In this study, there were mixed agreement between the acquired and simulated data, with better agreement for the resolution comparisons than the noise simulation. Discordance in the noise data may be explained by the method used to apply noise in the simulation. This required that additional noise be applied to the base-acquired high SNR image (NEX = 32). Therefore, the noise present in the simulation was not equal to the acquired noise, even though NEX was equal to 32 in both cases.

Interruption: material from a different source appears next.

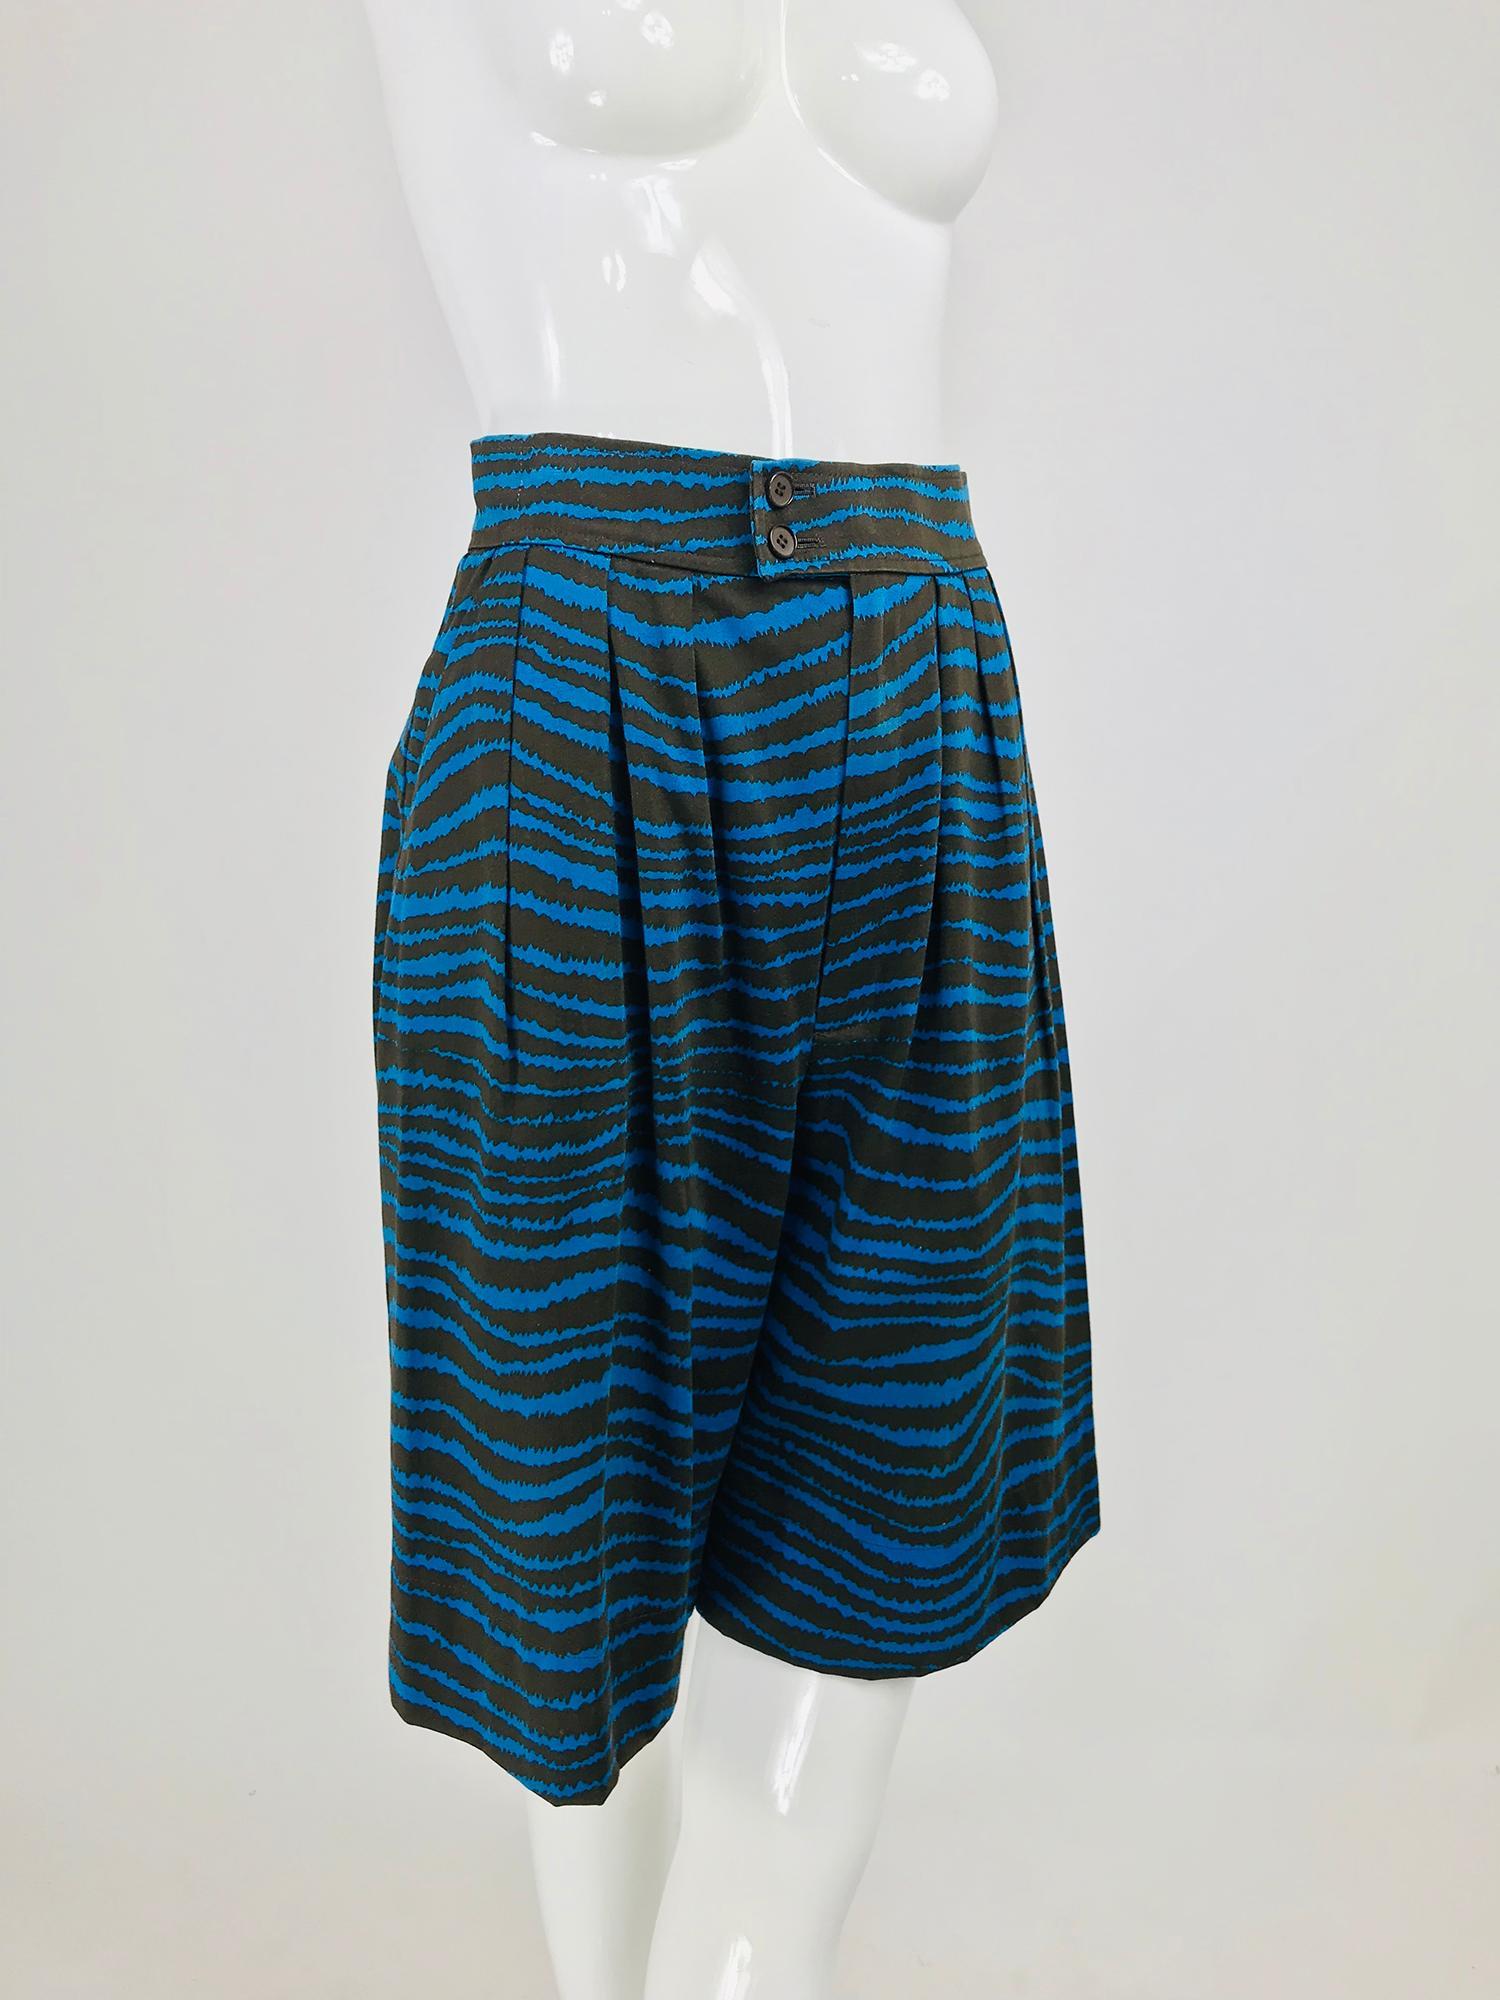 8b17bf302b5 Yves Saint Laurent tiger stripe blue and brown high waist full leg shorts  1980s For Sale at 1stdibs

We recognise a number of limitations of this study. For brevity, some analyses were not performed, for example assessing repeatability of texture features with different contrast weighting or b value or the effect of GLCM bin-level. A useful study would be to assess the robustness of texture features to scanner type, vendor, motion, and clinically utilised sequences. To our knowledge this has not been performed. Further, as we have imaged only two phantoms, the variability of underlying textures resulted to be small, and may not be representative of what may be encountered in a clinical setting. As a final limitation of this study, inconclusive results were found between the acquired and simulation data. It has not been possible to entirely account for the source of disagreement between the acquired and simulation data or to gain a full understanding of the relationship between feature class and the relative influence of noise or resolution, for example, why certain features are robust whereas others are not. Of note, the utilisation of simulation data is an original feature of this work and allowed assessment of feature robustness over a range of noise levels and resolutions which may not be easily achievable with data acquired from clinical studies. Finally, we recognise that our results of texture feature robustness cannot be directly translatable to the clinical domain. However, these data should contribute to providing a greater understanding of how texture features behave with MRI acquisition parameters, and in particular multiple acquisitions at different time-points, and should also start to address the broader question of MRI texture feature repeatability, for which currently evidence is lacking.

In conclusion, we have set a limit of repeatability for GLCM- and GLRM-derived MRI texture features, which may serve as a benchmark for further MR studies. Our data demonstrates that robust texture features can be selected for use in clinical radiomic analyses.